# Boosting Online Retail Sales
<span id="0"></span>
<hr/>

### Overview
<hr/>

This notebook will aim to boost the sales of an online retailer, applying the predictive approach in all its actions.

As you can imagine, there are several methods to achieve this and each method has pros and cons. This notebook was designed to seek a global analysis that considers different data science techniques and disseminates marketing concepts.

The methods applied in this notebook use a specific combination of data analysis, programming and machine learning, which is divided as follows:
1. [Loading and Checking Data](#1)
2. [Data Preprocessing](#2)
3. [Creating Models](#3)
4. [Conclusion](#4)

The dataset used in this notebook is available from Keaggle at the following link: https://www.kaggle.com/datasets/vijayuv/onlineretail.

### <span id="1"></span>  1. Loading and Checking Data
##### [Return to overview](#0)
<hr/>


In order to make some analysis, we need to set our environment up. To do this, I first imported some modules and read the data. The below output it is possible to view various details about the dataset.
First I start by importing the libraries we will need:

In [30]:
# import libraries
from datetime import datetime, timedelta
import pandas as pd
%matplotlib inline
import matplotlib.pyplot as plt
import numpy as np
import seaborn as sns
#from __future__ import division

#import plotly.plotly as py
import plotly.offline as pyoff
import plotly.graph_objs as go

#initiate visualization library for jupyter notebook 
pyoff.init_notebook_mode()

We read the first lines of the data with the help of pandas, to analyze what information is contained:

In [31]:
tx_data = pd.read_csv('../input/onlineretail/OnlineRetail.csv', encoding='latin1')
tx_data.head(10)

The following is a dataframe that was created to show monthly revenues:

In [32]:
#converting the type of Invoice Date Field from string to datetime.
tx_data['InvoiceDate'] = pd.to_datetime(tx_data['InvoiceDate'])

#creating YearMonth field for the ease of reporting and visualization
tx_data['InvoiceYearMonth'] = tx_data['InvoiceDate'].map(lambda date: 100*date.year + date.month)
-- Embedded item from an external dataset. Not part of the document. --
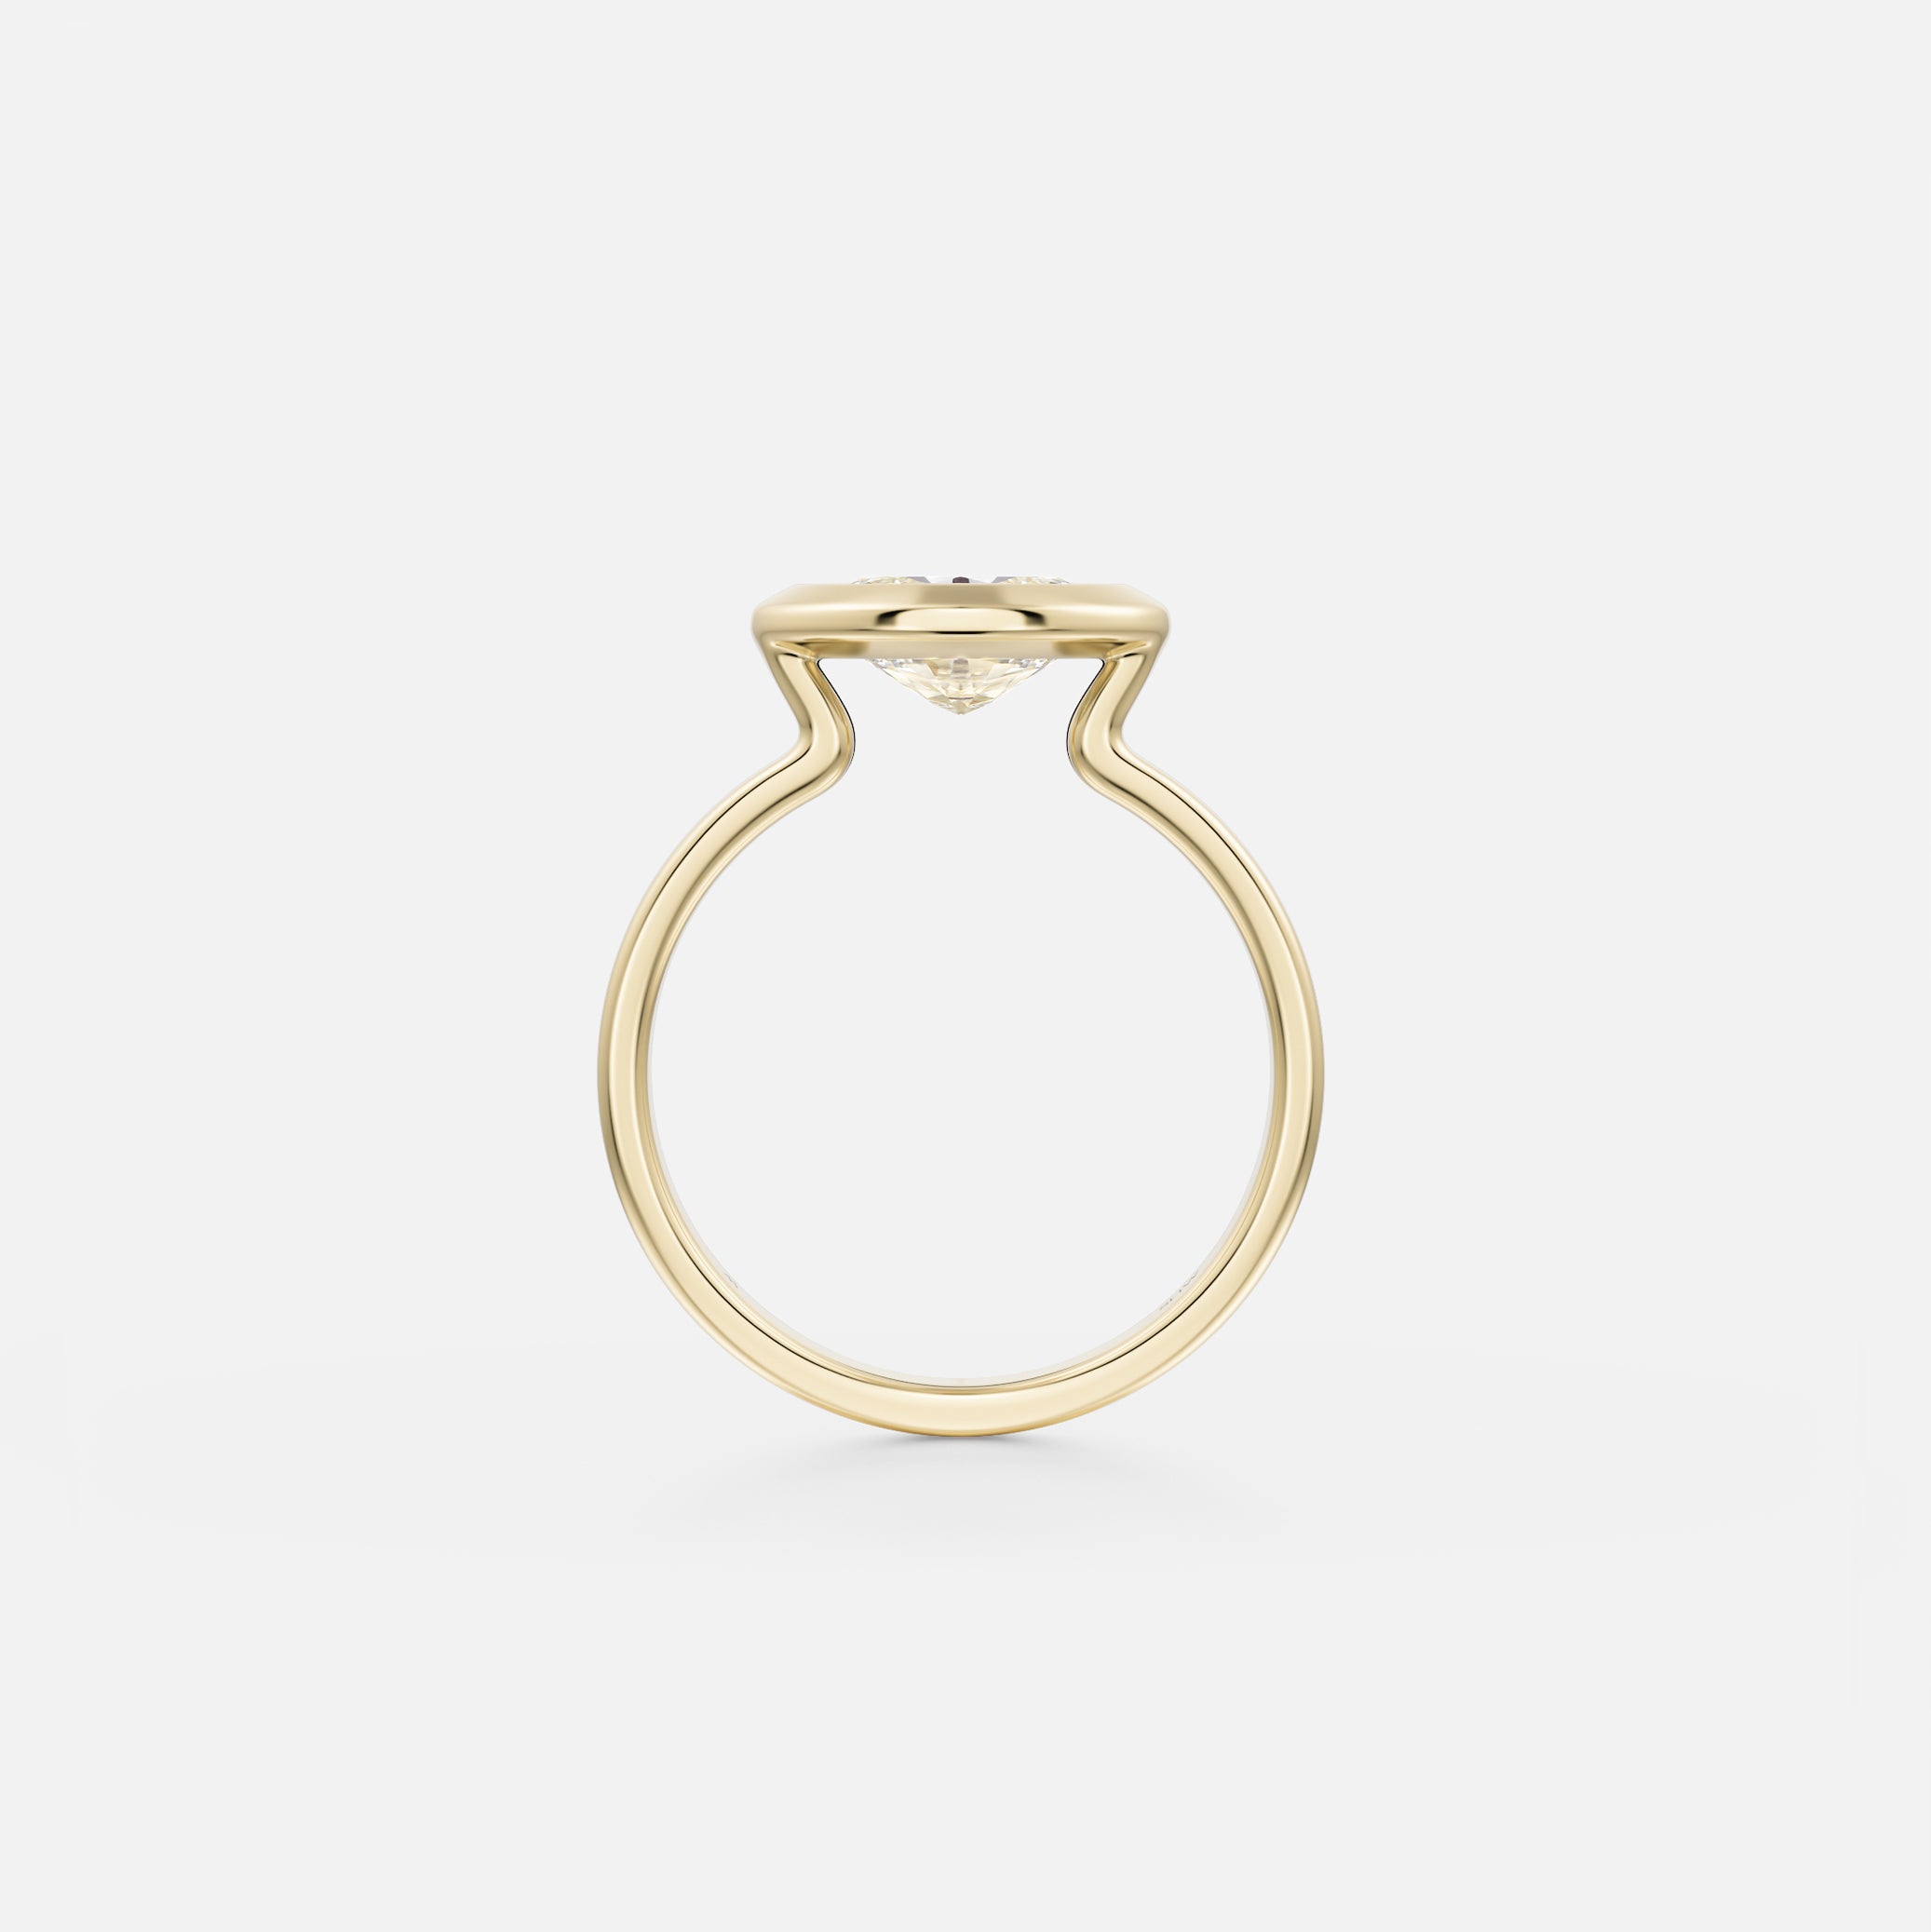 Vilke Flat Band with East West Oval Contemporary Engagement Ring Sculptural Bezel Setting in sustainable recycled 14k Gold or platinum by SHW Fine Jewelry New York City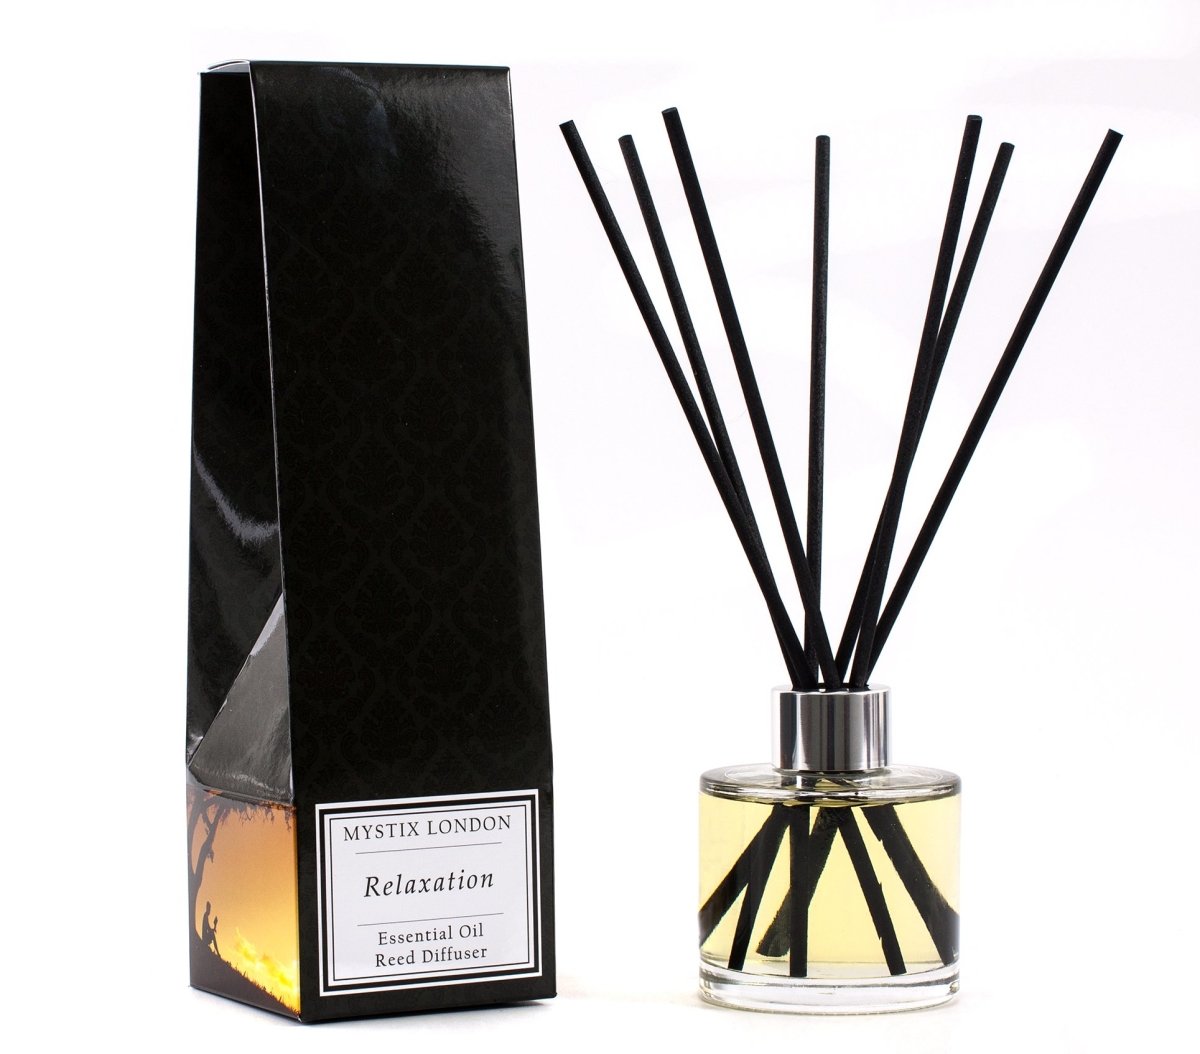 Relaxation - Essential Oil Reed Diffuser - Mystic Moments UK

#calculate Revenue for each row and create a new dataframe with YearMonth - Revenue columns
tx_data['Revenue'] = tx_data['UnitPrice'] * tx_data['Quantity']
tx_revenue = tx_data.groupby(['InvoiceYearMonth'])['Revenue'].sum().reset_index()
tx_revenue

A graph was created below that shows the evolution of monthly revenue over the months. It shows that there has been an increase in recent months.

In [33]:
#X and Y axis inputs for Plotly graph. We use Scatter for line graphs
plot_data = [
    go.Scatter(
        x=tx_revenue['InvoiceYearMonth'],
        y=tx_revenue['Revenue'],
    )
]

plot_layout = go.Layout(
        xaxis={"type": "category"},
        title='Montly Revenue'
    )
fig = go.Figure(data=plot_data, layout=plot_layout)
pyoff.iplot(fig)

Now we need to find out what the Monthly Revenue Growth Rate is.

In [34]:
#using pct_change() function to see monthly percentage change
tx_revenue['MonthlyGrowth'] = tx_revenue['Revenue'].pct_change()

#showing first 5 rows
tx_revenue.head()

#visualization - line graph
plot_data = [
    go.Scatter(
        x=tx_revenue.query("InvoiceYearMonth < 201112")['InvoiceYearMonth'],
        y=tx_revenue.query("InvoiceYearMonth < 201112")['MonthlyGrowth'],
    )
]

plot_layout = go.Layout(
        xaxis={"type": "category"},
        title='Montly Growth Rate'
    )

fig = go.Figure(data=plot_data, layout=plot_layout)
pyoff.iplot(fig)

It is possible that in the last month of November there was an increase of 36.5%, but it is possible to observe that there were months in which there was an increase in revenue, as well as a decrease in revenue. Now it is important to make a deeper assessment to identify what were the reasons for these negative oscillations.